Rethinking the Human Place in Nature

by William Cronon

561 pages, paperback, W. W. Norton, 1996

The essays in Uncommon Ground challenge our accepted ideas about nature and push us to a deeper understanding of the environmental implications of our views. In a lead essay that states the broad argument of the book, Cronon writes that the environmentalist goal of wilderness preservation is conceptually and politically wrongheaded. The problem is that we haven't learned to live responsibly in nature. Rather than attempting to exclude humans, environmental advocates should help us learn to live sustainably with nature.

Praise for Uncommon Ground

"Uncommon Ground is the best kind of book, one that shocks the reader into entirely fresh ways of seeing. Perhaps the most important work facing us over the next several years involves the reconception of nature and our relationship to it. This indispensable volume makes a bold start on that project, attacking it with imagination, insight, originality, and wit."-- Michele Pollan

"One of the great and incomplete tasks confronting this generation of environmentalists is to effect a reconciliation of humans with their environment, of culture with nature. Uncommon Ground is a powerful and persuasive guide in this great cause."--William K. Reilly, former administrator, Environmental Protection Agency

Quotes from Uncommon Ground

"At a time when threats to the physical environment have never been greater, it may be tempting to believe that people need to be mounting the barricades rather than asking abstract questions about the human place in nature. Yet without confronting such questions, it will be hard to know which barricades to mount, and harder still to persuade large numbers of people to mount them with us. To protect the nature that is all around us, we must think long and hard about the nature we carry inside our heads."--from the Forward.

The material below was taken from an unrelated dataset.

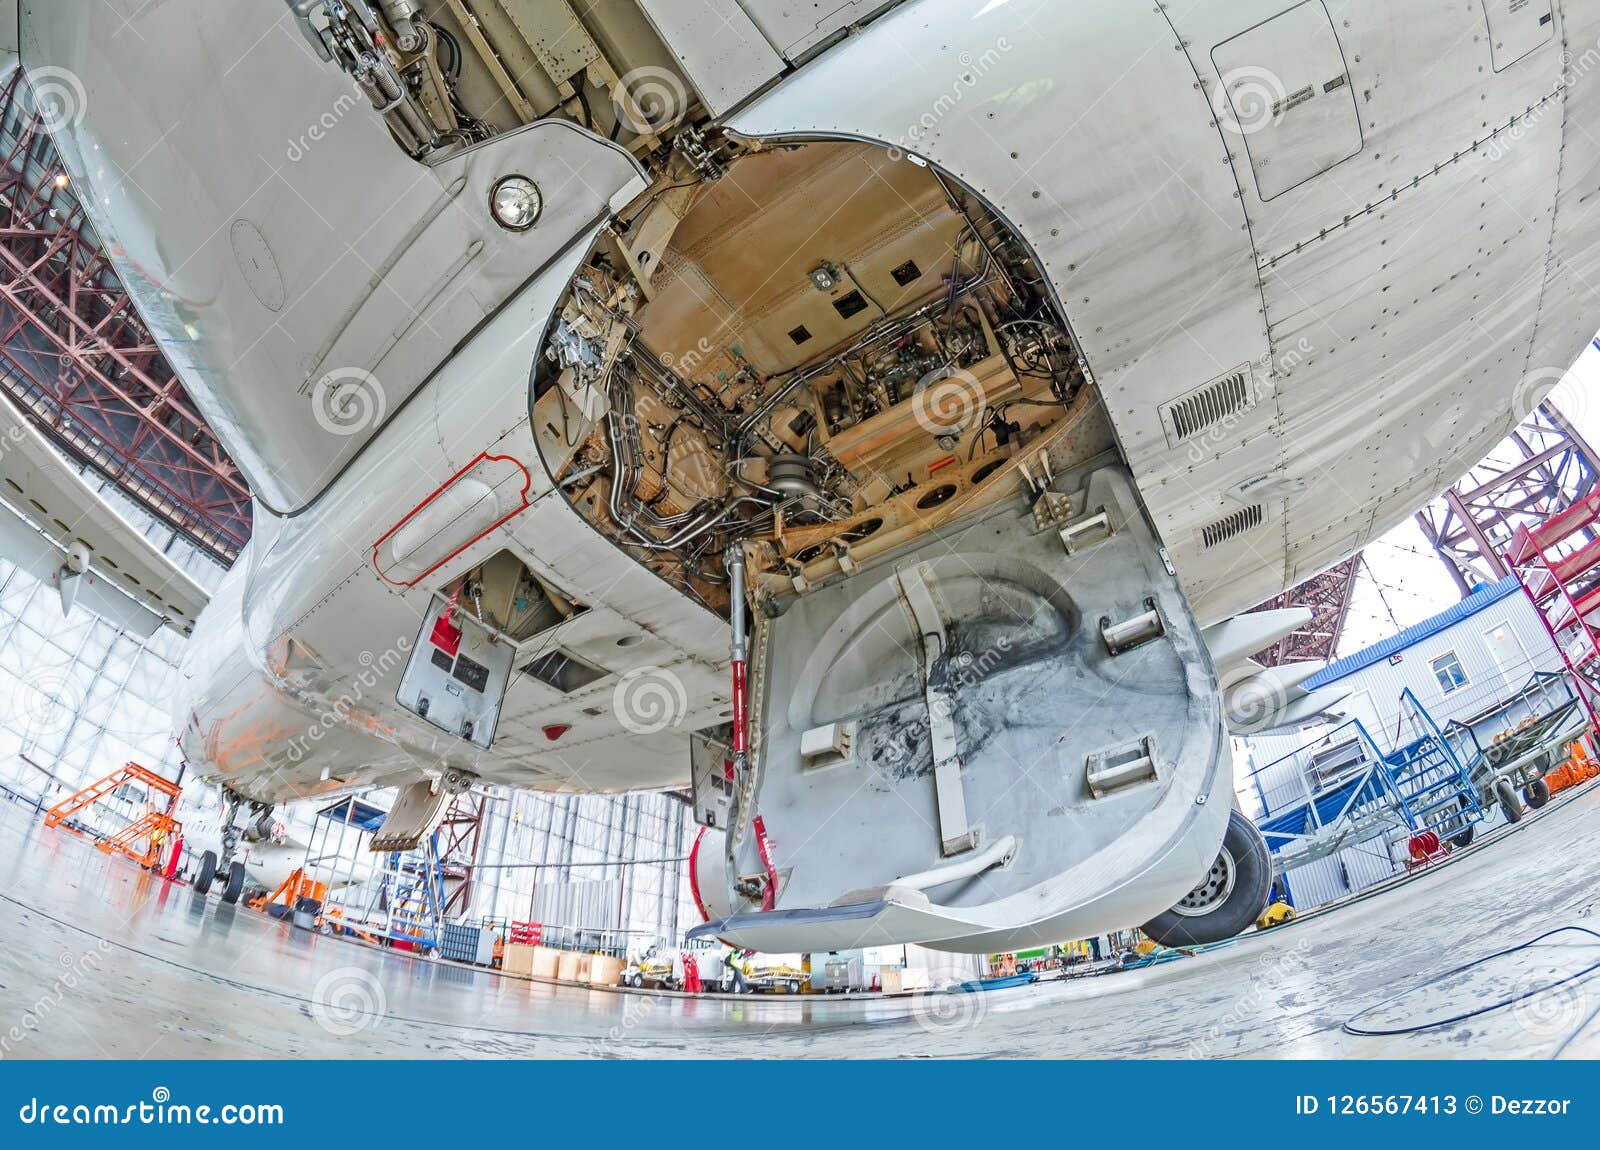 aviation hangar with airplane, close-up landing gear of the airplane landing gear on maintenance repair.

"From 1969, with the passage of the National Environmental Policy Act, to 1973, with the enactment of the Endangered Species Act, a legal apparatus for dealing with environmental issues was constructed. This environmental legal structure has provided environmentalists with a seat at many of the nation's decision-making tables. From this seat, they have been able to influence policy and development decisions and at times reduce the rate of environmental destruction. This seat has not, however, given them a forum for challenging basic values or the distribution of social power in American life. In other words, the table itself has not changed dramatically with the presence of an additional seat. Embedded in that table are basic assumptions concerning the origins and nature of the country's environmental problems. Among those assumptions are the following precepts: environmental protection can come only at great economic cost to the American people; a balance can be struck between costs and benefits; environmental problems can and should be solved as they arise on a case-by-case basis; the American way of life, based as it is on the capitalist profit motive, a culture of consumption, and economic growth and development, can be reformed so as to become environmentally sound."--by Jeffrey C. Ellis, On the Search for a Root Cause

. . .

"A connection with the land through work creates knowledge, but it does not necessarily grant protection to the land itself. There is a modern romanticism of place that says that those who live and depend on a place will not harm it. Its conservative version is wise use. Its environmentalist version appears in bioregionalism or in the work of Wendell Berry. Berry regards his own writing as depending on "work of the body and of the ground." He regards himself as being very much of a place. In part his connection is from deep familiarity, but it also comes from the pleasure he takes in the work of restoring that place by hand. Yet he restores land that others, who were just as fully of this place, destroyed through their work. Berry writes as if working in nature, of being of a place, brought a moral superiority of sorts. Such rootedness supposedly offers a solution to our problematic relationship with the nonhuman world. I do not think this is necessarily true. The choices are neither so simple nor so stark. Both destructive work and constructive work bring a knowledge of nature, and sometime work is destructive and restorative at the same time, as when we cut or burn a meadow to prevent the encroachment of forest."--Richard White, "Are You an Environmentalist or Do You Work for a Living?"

. . .

"There were other ironies as well. The movement to set aside national parks and wilderness areas followed hard on the heels of the final Indian wars, in which the prior human inhabitants of these areas were rounded up and moved onto reservations. The myth of the wilderness as 'virgin,' uninhabited land had always been especially cruel when seen from the perspective of the Indians who had once called that land home."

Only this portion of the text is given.